Qasemi: Before paying attention to established custom, we must prove whether custom is independent and valid without Shariah confirmation or not? In the opinion of most of the jurists, the answer to this question is negative, in the sense that Sirah, because it is a presumptive proof and has an incomplete discovery, requires the interpretation and discovery of the Shari’s consent, either in the form of the Shari’s specification of his consent or simply his non-rejection.
Therefore, the reason of custom is completely different from the likes of independent rationality, which do not need to be confirmed by the Shari’ah for their validity. According to this article, the contemporary custom is not possible to be authentic; Because there is no contemporary with Masoum that we can discover the validity of the custom and his satisfaction towards that custom from his lack of deterrence.
What should we do if we doubt somewhere that we have become common or not?
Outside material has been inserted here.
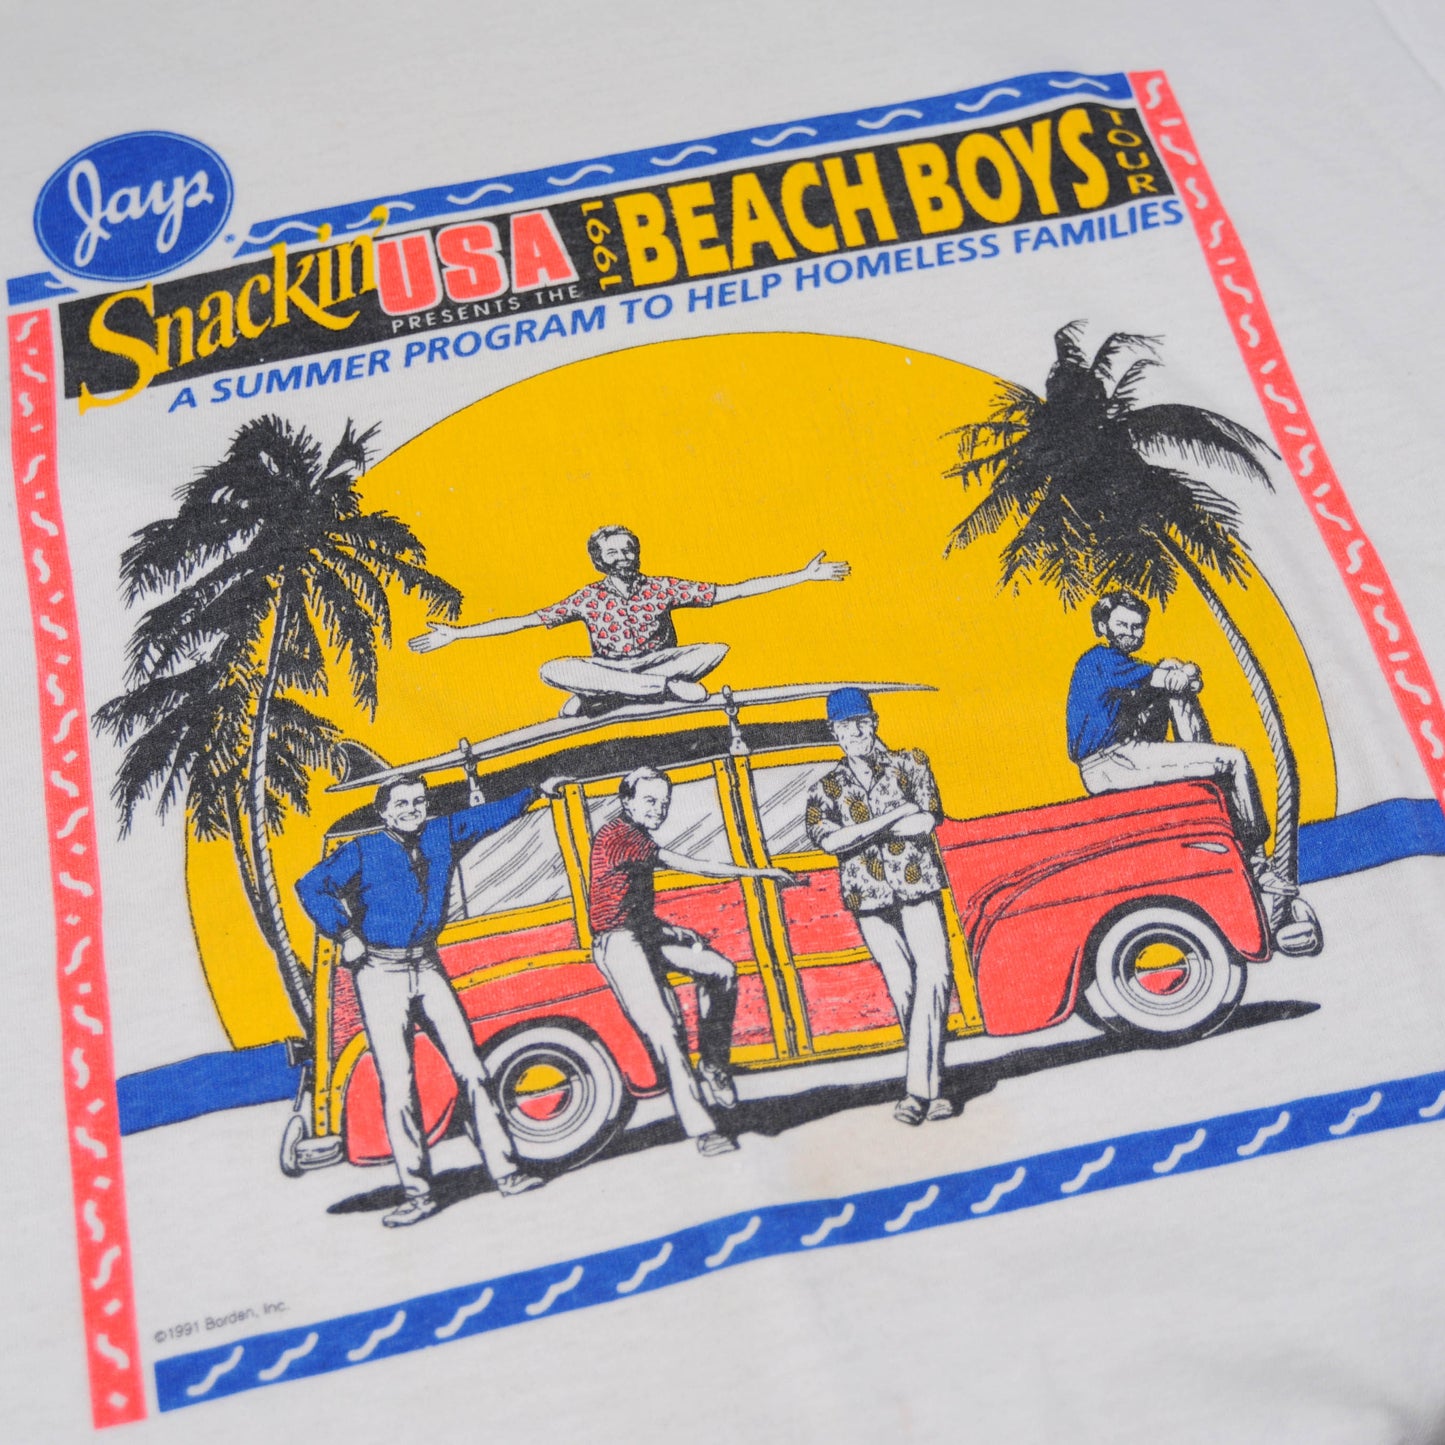 90's Beach Boys 1991ツアーTシャツ(L)/A2700T-O

Qasemi: If a person issues a fatwa and doubts whether or not it became customary, he should refer to this rule. The rule is that if he had proceeded according to the correct principles of ijtihad and the method of ijtihad, there is no objection; But if the rules of ijtihad and the inference of the Shari’i ruling were messed up, this is the same as customizing in the wrong sense. Even in cases where he doubts whether the correct method of deriving the jurisprudence has been followed or not, he should not issue a fatwa.
This article is part of the file “New Evidence in Contemporary Jurisprudence” and will be prepared and published in collaboration with Ijtihad Network.